[Records for the task Boundary: Start]
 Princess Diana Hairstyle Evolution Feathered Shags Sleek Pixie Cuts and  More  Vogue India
[Records for the task Boundary: End]
[Records for the task Boundary: Start]
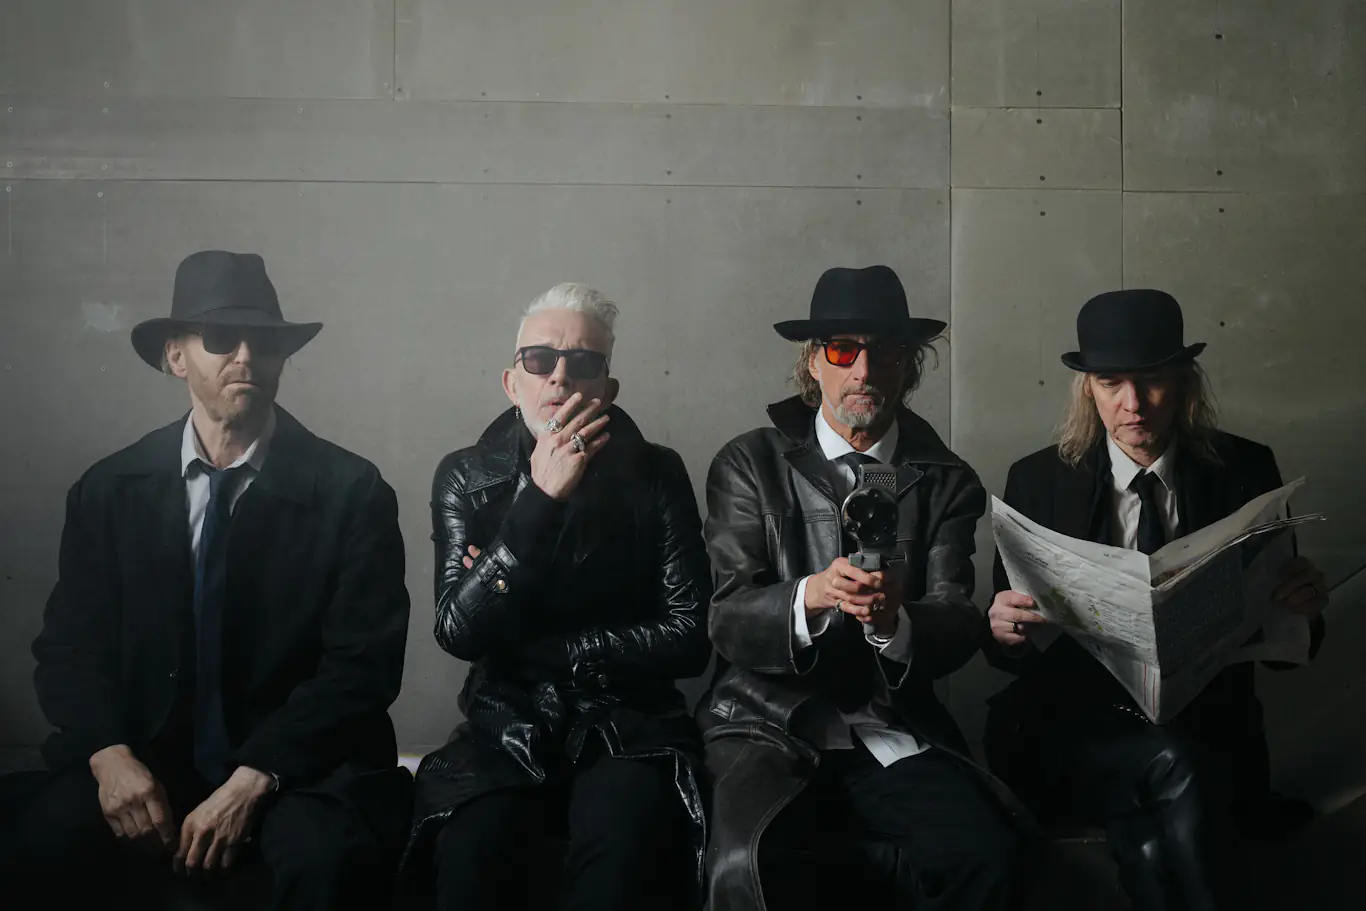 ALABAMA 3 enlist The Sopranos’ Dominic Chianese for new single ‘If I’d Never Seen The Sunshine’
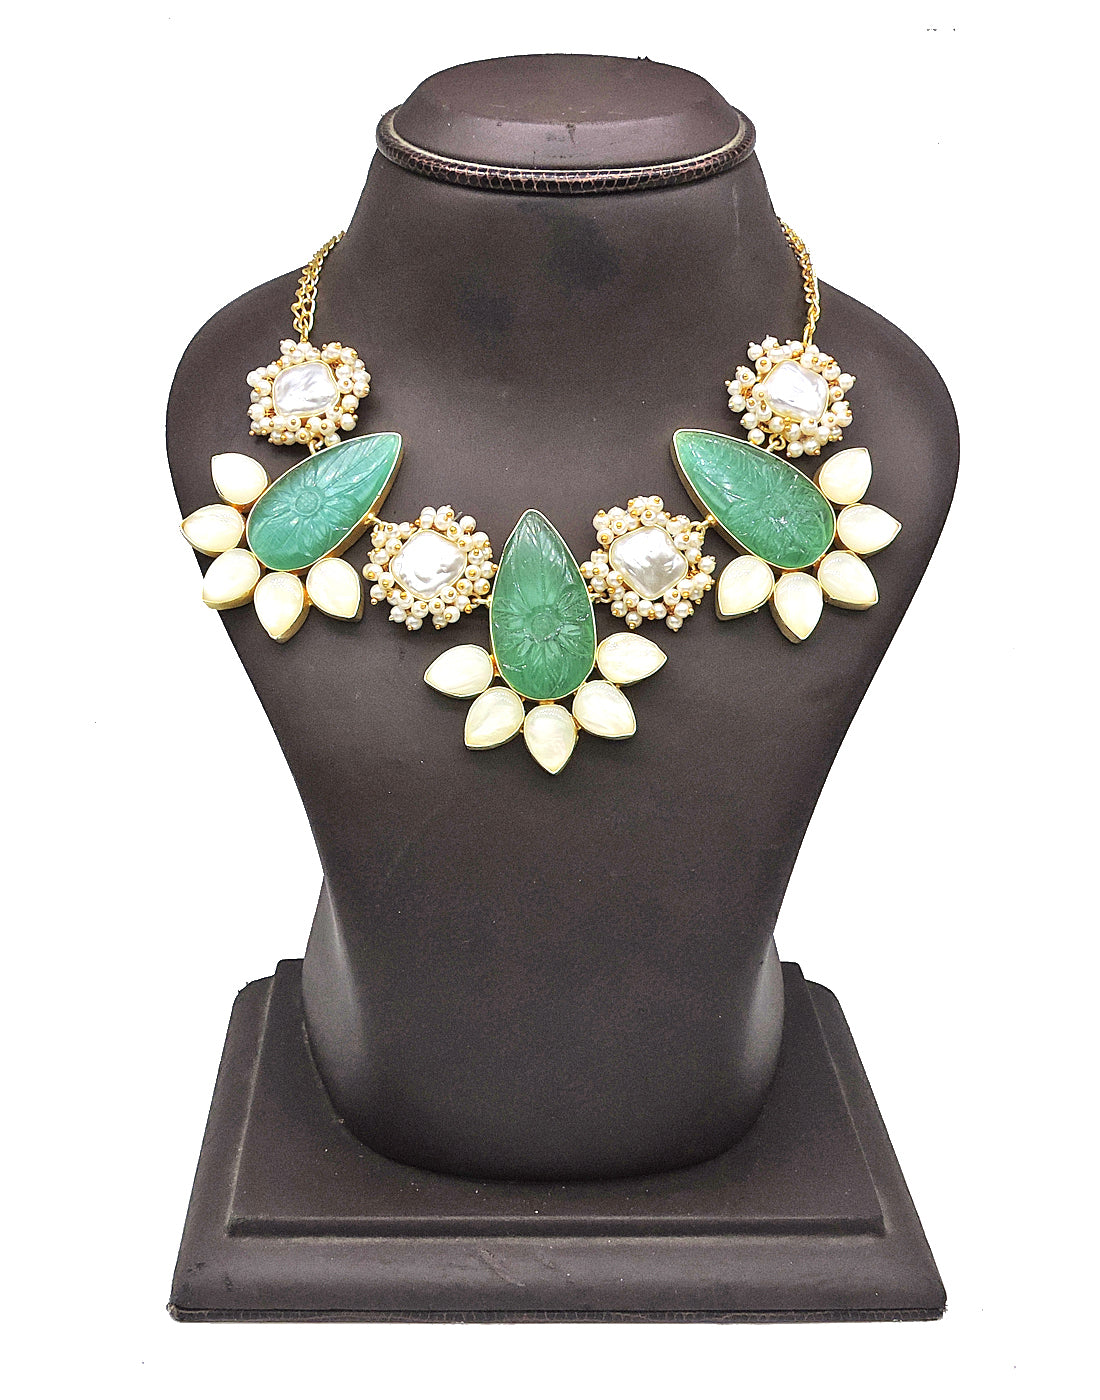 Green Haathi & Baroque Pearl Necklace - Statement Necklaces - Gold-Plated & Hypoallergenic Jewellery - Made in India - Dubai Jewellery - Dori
[Records for the task Boundary: End]
What you need to do ▸ Text only, no pictures: please print exactly the lines above from the line with "ALABAMA 3 enlist" up to and including the line with "Green Haathi &", and nothing else.

Written answer ▸
 ALABAMA 3 enlist The Sopranos’ Dominic Chianese for new single ‘If I’d Never Seen The Sunshine’
 Green Haathi & Baroque Pearl Necklace - Statement Necklaces - Gold-Plated & Hypoallergenic Jewellery - Made in India - Dubai Jewellery - Dori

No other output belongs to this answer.